Tom was the only person that Mattie had ever met who could make ‘Thank you’ sound like ‘Get out and never darken my doorstep again.’

So she got out and finished hanging up her quite sparse collection of clothes in the wardrobe in her new room. Unlike the other ladies that the Banter Boys knew, Mattie travelled light. All her clothes and shoes had fitted comfortably in one suitcase. And she didn’t even possess a single solitary handbag – just a leather-strapped backpack that had seen much better days – because all her money went on kitchen equipment and fancy ingredients and the odd cookbook. Whereas Tom had so many tweedy suits and jumpers and probably a trunkful of bow-ties and ties in contrasting colours. Mattie realised that she was actually feeling quite guilty again …

Maybe they could put the bigger room on a six-month-rota basis, she decided as Phil, Daquon and Mikey took their leave, each of them lining up to kiss her hand, look deep into her eyes and express the desire to see her again very soon.

‘It’s weird, but normally that kind of chat from men makes me want to rip them a new one,’ she remarked to Guy and Pippa as she set about making them dinner. ‘But those boys are so obviously harmless that I didn’t really mind.’

‘Do you still hate all men?’ asked Guy. It had been a little while since they’d last had a catch-up.

‘Mattie is taking time out from relationships to work on herself,’ Pippa said loyally. She knew exactly why Mattie had good reason to hate all men. Or one man in particular. ‘Not that Mattie needs to do a lot of work on herself, but I think we can all benefit from an opportunity for personal growth.’

‘Thanks, Pips. And I don’t hate all men, Guy.’ Mattie considered her brother’s question as she grated extra-mature cheddar for the twice-baked cheese soufflés she was going to serve with a warm salad. ‘I don’t hate you and anyway, I haven’t met all the men in the world yet, have I? There must be four or five that aren’t hateful.’

‘Do you hate Tom?’ Guy asked in a whisper. ‘You’re certainly not very nice to him.’

‘I am,’ Mattie said, though all the evidence suggested otherwise. ‘He’s not very nice to me.’

‘It’s the chicken and egg, really. Who wasn’t nice to whom first?’ Guy stared at Mattie without blinking. Pippa tilted her head and looked at Mattie too, as if she was disappointed in her, so Mattie felt forced to put down her grater with a beleaguered air and flounce out of the kitchen to knock gently on the door of Tom’s room.

‘Do you want dinner?’ she called out, while silently praying that he’d say no. ‘I can easily make enough for four.’

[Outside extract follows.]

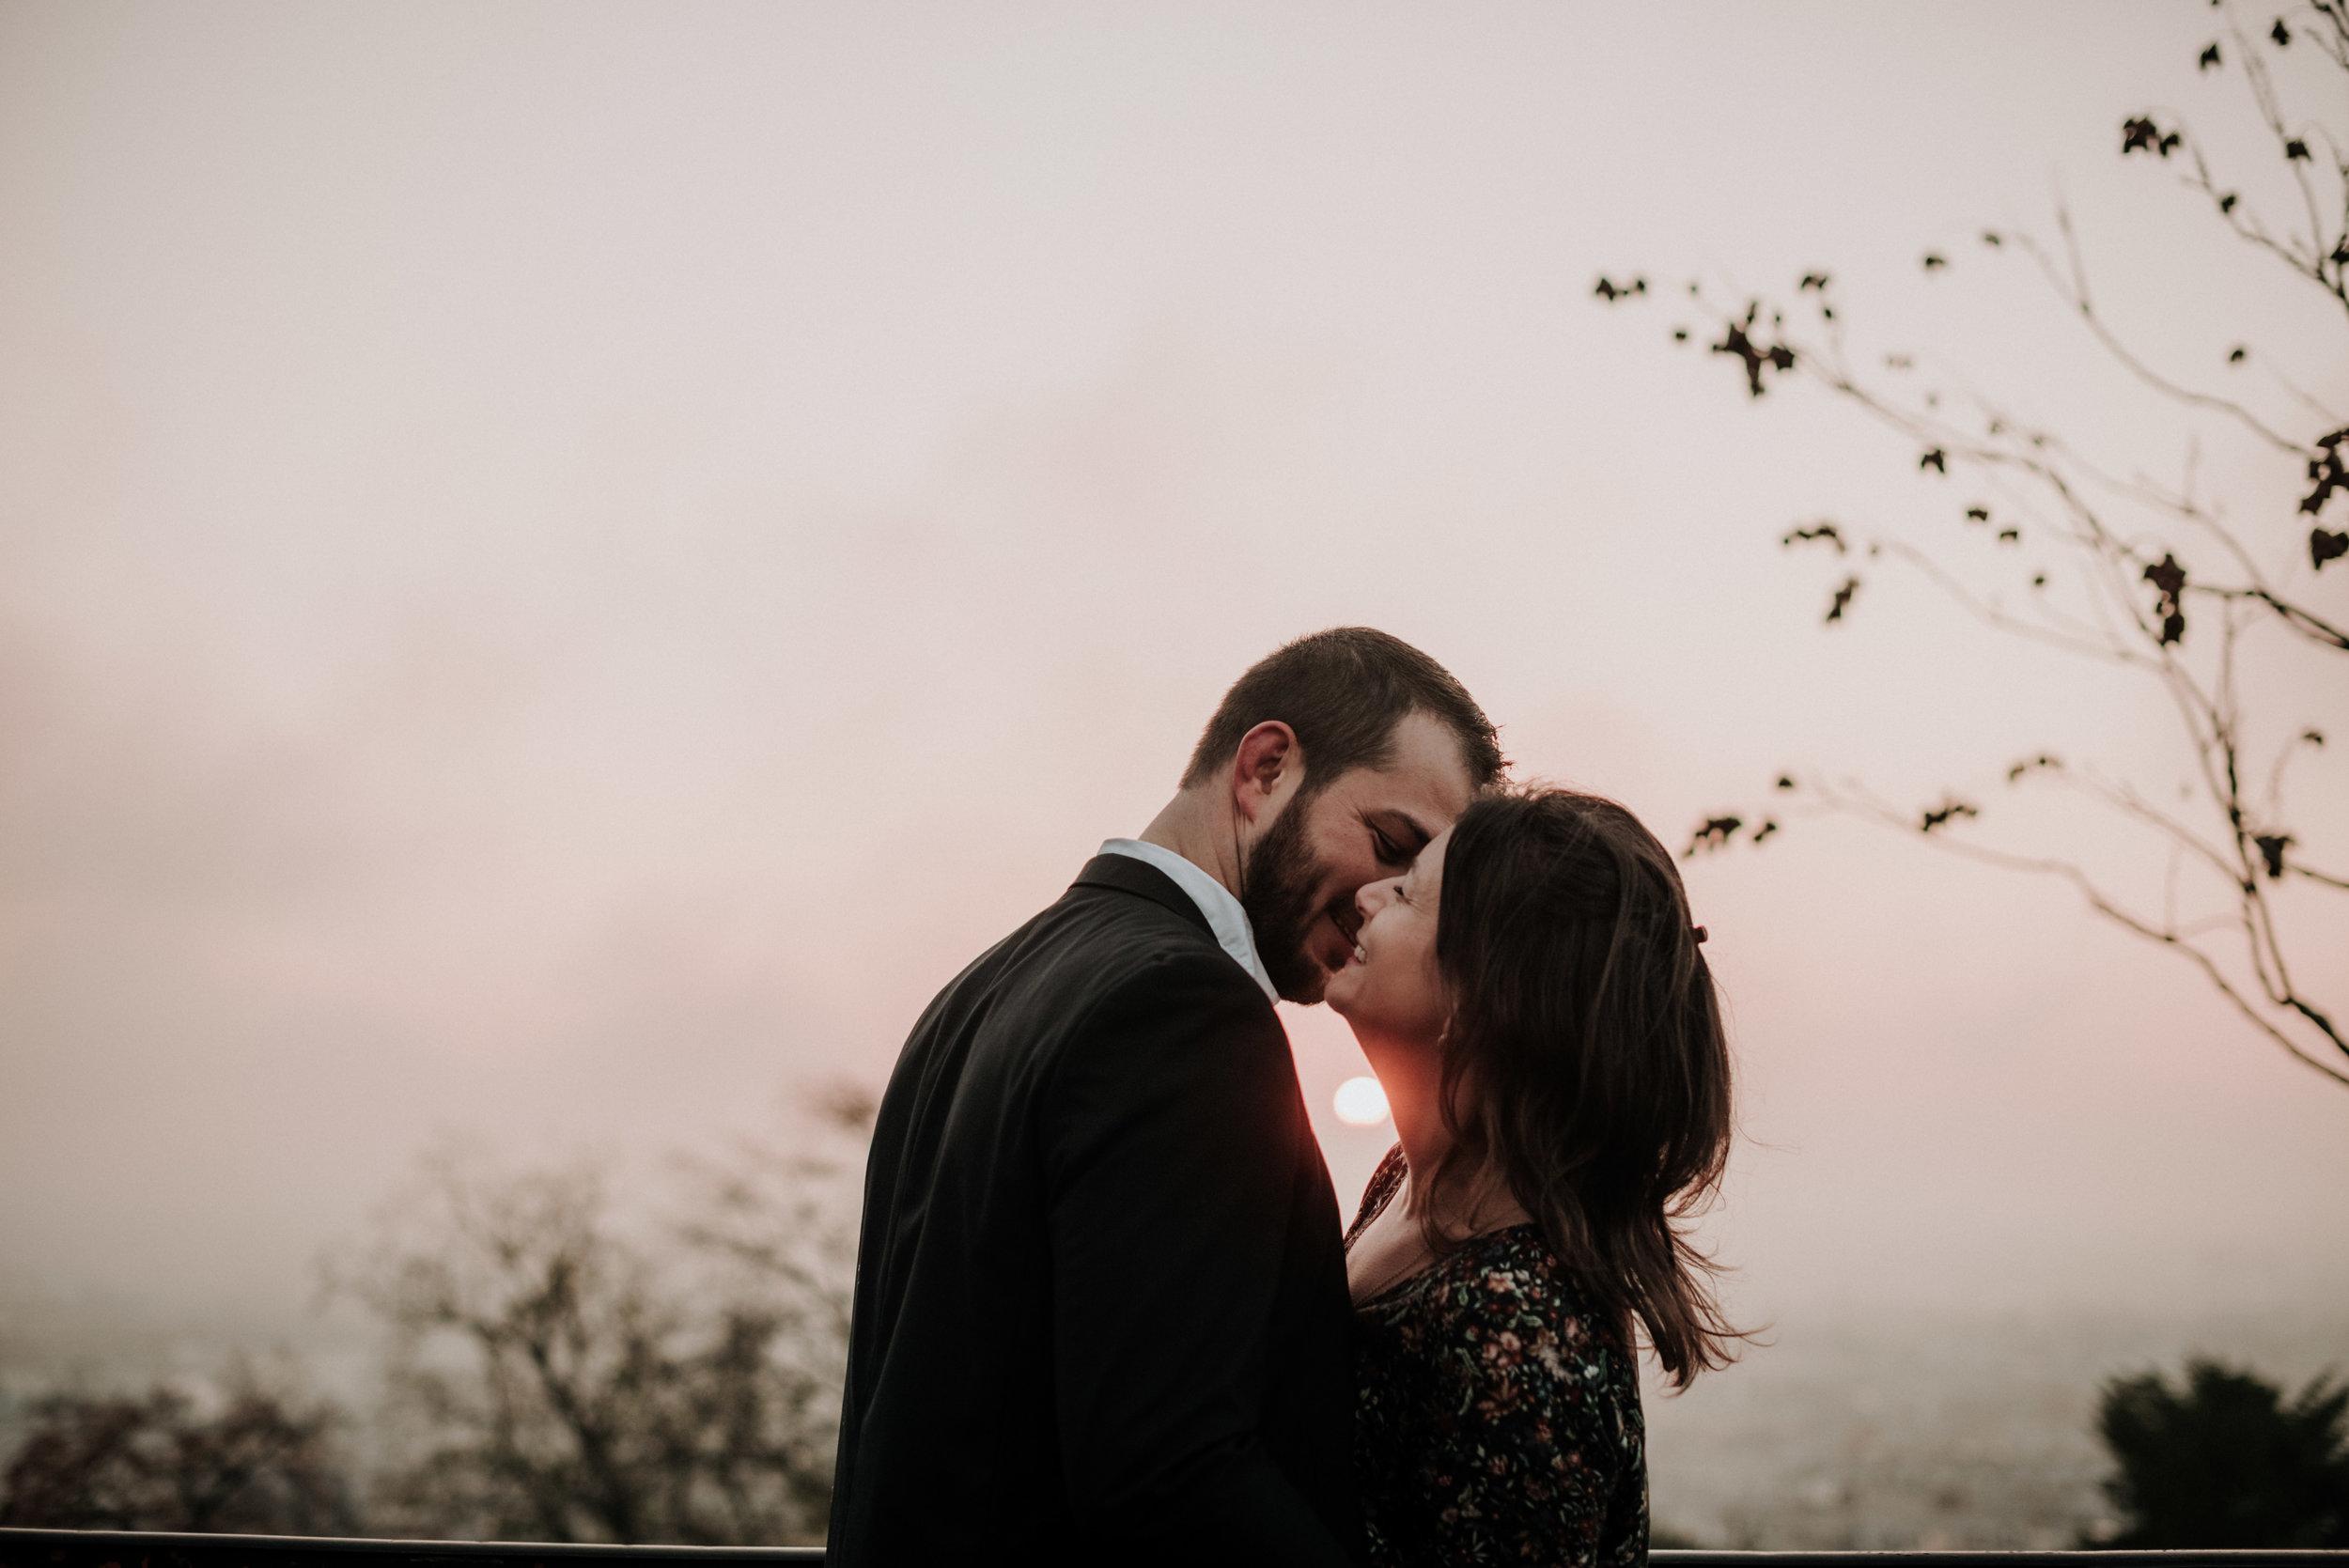 Léa-Fery-photographe-professionnel-lyon-rhone-alpes-portrait-creation-mariage-evenement-evenementiel-famille-5048.jpg

There was silence and Mattie wondered if Tom had been crushed between the wall and his huge kingsize bed. ‘I’m all right,’ he called back finally. ‘I had a very late breakfast panini.’

‘Yeah, of course you did,’ Mattie muttered under her breath, going back into the kitchen so she could stand there with her hands on her hips and demand, ‘Happy now?’

‘Deliriously,’ Guy drawled back. ‘I’d be even happier if I didn’t have to drive Ma’s car back so I could have another glass of wine.’

Although she begged them to stay, Guy and Pippa left as soon as they’d cleared the last smear of apple and blackberry crumble from their bowls. After she’d locked the shop door behind them, she very slowly and very unwillingly retraced her steps back to the flat.

Tom was in the kitchen with a tin of baked beans and a loaf of sliced white. ‘I was just making dinner,’ he said defensively as if Mattie had asked him what the hell he thought he was doing. Then he opened the tin of baked beans in a very passive-aggressive manner, sighing and shaking his head and generally acting as if both tin opener and tin had done him wrong.

‘Well, you know where I am if you need me,’ Mattie said, exiting the kitchen as fast as she could. But just before she shut the door of the room that they’d fought so bitterly about, she heard Tom say to himself in withering tones, ‘What on earth would I need you for?’